*DESCRIPTION OF THE TASK*:
How many lines in the data below include the word "Vintage"? Respond with the number, nothing more.
DATA EXTRACTS START
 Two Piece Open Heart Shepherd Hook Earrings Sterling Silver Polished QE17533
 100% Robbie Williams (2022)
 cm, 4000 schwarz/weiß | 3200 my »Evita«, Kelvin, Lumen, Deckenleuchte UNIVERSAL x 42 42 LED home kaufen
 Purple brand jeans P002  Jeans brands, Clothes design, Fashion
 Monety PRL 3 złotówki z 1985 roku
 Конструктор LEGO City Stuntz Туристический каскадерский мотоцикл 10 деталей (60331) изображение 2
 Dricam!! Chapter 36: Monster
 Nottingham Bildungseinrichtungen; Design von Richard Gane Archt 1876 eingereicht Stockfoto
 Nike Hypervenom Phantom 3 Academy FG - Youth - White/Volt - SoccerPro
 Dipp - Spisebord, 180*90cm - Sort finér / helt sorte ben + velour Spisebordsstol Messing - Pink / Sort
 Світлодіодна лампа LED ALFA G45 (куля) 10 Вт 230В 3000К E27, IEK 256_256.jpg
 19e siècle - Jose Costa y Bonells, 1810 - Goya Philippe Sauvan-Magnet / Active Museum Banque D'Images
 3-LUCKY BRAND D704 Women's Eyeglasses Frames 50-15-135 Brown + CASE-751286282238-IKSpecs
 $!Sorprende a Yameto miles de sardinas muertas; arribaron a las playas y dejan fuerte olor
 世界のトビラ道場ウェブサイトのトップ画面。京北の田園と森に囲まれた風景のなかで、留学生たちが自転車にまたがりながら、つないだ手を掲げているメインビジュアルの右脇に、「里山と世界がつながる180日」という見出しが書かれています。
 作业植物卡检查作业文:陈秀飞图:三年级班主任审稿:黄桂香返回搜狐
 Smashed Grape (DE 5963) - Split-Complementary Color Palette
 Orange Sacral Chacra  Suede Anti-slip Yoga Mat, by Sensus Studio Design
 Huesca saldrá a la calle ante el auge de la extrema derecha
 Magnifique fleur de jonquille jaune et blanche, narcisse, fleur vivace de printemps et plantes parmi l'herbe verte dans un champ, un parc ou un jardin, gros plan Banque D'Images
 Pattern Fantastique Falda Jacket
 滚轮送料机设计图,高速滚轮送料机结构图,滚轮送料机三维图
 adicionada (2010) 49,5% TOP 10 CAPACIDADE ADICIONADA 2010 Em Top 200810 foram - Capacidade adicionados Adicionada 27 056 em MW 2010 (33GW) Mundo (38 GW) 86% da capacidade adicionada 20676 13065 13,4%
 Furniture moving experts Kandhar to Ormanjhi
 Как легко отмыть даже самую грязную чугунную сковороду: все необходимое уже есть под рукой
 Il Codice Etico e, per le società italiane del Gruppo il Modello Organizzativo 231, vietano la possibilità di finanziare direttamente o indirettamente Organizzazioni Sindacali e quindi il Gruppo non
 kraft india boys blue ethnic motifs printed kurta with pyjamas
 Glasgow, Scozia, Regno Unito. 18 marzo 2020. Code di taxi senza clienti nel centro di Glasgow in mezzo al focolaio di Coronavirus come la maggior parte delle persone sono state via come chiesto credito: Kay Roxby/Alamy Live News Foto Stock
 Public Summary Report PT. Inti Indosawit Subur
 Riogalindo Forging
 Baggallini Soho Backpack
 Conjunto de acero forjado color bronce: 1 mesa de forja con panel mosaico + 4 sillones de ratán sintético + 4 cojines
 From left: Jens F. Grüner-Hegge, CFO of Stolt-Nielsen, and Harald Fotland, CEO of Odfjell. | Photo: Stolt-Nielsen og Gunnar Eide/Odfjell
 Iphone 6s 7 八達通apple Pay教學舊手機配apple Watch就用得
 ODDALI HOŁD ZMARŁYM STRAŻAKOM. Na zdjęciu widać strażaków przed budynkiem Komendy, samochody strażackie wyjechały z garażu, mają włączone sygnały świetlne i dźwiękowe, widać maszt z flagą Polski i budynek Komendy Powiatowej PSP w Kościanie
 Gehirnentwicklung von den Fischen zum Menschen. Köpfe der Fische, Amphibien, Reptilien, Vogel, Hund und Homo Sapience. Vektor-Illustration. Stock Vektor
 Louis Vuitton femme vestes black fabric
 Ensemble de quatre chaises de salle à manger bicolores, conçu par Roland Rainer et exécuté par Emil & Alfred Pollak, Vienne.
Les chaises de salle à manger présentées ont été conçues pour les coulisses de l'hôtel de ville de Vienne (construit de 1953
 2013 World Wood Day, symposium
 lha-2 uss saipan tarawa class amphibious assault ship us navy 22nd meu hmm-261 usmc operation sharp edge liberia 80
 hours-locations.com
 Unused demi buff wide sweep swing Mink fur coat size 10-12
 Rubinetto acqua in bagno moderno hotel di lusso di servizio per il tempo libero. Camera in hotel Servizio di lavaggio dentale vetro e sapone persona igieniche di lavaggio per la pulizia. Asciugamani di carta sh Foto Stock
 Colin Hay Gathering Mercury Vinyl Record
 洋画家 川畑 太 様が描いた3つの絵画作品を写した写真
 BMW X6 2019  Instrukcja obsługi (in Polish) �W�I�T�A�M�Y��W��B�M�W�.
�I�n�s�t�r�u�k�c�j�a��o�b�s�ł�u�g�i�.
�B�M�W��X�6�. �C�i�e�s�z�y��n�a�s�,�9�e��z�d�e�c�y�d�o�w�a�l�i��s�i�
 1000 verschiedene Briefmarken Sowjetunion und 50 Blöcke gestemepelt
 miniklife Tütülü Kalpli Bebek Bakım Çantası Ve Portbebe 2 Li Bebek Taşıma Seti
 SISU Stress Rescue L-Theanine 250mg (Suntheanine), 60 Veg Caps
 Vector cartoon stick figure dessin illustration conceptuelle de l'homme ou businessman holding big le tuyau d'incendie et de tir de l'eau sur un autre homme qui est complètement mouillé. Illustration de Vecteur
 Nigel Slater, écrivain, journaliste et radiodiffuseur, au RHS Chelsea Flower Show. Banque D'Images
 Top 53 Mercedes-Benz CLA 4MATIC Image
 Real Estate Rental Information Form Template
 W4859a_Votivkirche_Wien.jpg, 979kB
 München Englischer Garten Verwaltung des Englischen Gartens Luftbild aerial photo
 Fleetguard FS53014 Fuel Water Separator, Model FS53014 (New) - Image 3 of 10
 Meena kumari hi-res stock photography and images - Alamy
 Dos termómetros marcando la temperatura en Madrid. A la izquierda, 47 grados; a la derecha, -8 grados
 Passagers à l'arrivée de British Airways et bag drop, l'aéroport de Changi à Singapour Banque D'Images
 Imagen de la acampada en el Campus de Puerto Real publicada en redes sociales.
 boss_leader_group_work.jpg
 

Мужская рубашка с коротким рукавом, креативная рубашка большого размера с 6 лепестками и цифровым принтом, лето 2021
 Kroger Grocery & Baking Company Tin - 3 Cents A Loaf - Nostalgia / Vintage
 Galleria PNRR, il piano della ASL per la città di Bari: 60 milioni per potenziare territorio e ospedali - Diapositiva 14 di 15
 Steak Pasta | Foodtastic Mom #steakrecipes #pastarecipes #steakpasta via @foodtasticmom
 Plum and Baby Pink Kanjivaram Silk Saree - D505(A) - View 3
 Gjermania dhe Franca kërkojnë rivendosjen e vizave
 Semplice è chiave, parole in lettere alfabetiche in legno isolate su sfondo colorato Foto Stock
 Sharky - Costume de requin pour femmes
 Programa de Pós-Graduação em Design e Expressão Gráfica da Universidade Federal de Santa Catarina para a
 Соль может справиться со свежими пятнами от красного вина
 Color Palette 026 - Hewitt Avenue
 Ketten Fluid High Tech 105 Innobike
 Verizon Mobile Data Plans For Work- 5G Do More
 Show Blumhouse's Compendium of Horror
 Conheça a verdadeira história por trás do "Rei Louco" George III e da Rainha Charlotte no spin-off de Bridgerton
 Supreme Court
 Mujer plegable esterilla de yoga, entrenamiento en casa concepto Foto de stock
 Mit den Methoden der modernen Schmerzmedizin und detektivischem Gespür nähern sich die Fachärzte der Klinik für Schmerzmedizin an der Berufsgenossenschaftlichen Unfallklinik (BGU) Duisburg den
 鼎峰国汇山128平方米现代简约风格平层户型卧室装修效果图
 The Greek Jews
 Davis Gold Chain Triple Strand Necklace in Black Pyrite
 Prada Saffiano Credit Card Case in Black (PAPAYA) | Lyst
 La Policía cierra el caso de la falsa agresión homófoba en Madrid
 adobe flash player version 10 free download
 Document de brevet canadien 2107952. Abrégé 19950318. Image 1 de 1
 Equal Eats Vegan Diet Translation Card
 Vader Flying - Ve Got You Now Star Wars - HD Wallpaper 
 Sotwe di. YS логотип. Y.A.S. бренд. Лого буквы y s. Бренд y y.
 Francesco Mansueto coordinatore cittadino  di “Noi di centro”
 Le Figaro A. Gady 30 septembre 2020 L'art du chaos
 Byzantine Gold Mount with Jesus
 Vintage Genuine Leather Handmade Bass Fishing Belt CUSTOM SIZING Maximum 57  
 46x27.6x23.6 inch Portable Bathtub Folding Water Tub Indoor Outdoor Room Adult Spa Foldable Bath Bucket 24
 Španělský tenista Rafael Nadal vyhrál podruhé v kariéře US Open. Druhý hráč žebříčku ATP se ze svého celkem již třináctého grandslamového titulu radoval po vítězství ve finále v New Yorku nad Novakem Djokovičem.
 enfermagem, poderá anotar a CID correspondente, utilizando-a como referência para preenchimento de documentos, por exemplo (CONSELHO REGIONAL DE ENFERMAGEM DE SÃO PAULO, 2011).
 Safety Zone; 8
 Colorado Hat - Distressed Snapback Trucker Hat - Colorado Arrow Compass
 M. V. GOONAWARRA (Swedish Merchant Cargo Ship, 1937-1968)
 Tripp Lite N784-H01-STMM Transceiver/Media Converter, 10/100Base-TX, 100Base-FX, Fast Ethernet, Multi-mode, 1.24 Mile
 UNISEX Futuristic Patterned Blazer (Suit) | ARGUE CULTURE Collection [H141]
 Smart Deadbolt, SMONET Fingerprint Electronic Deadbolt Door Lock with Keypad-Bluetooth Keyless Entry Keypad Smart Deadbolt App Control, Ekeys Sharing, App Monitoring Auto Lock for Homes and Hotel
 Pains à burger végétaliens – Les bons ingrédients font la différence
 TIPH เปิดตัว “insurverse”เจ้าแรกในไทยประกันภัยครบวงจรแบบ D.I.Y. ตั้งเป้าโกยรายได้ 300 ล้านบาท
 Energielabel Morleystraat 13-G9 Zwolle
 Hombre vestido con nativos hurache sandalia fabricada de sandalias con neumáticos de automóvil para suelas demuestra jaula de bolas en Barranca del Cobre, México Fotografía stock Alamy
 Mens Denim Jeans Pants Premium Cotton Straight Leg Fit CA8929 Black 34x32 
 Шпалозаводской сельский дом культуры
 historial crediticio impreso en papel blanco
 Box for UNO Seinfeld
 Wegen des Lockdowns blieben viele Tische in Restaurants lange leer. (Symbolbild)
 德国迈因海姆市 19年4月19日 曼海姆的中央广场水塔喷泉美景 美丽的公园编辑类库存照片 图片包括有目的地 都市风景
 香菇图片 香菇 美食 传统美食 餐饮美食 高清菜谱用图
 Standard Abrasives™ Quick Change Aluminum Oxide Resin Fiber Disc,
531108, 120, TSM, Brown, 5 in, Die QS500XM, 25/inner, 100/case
DATA EXTRACTS END
*ANSWER TO THIS EXERCISE*:
2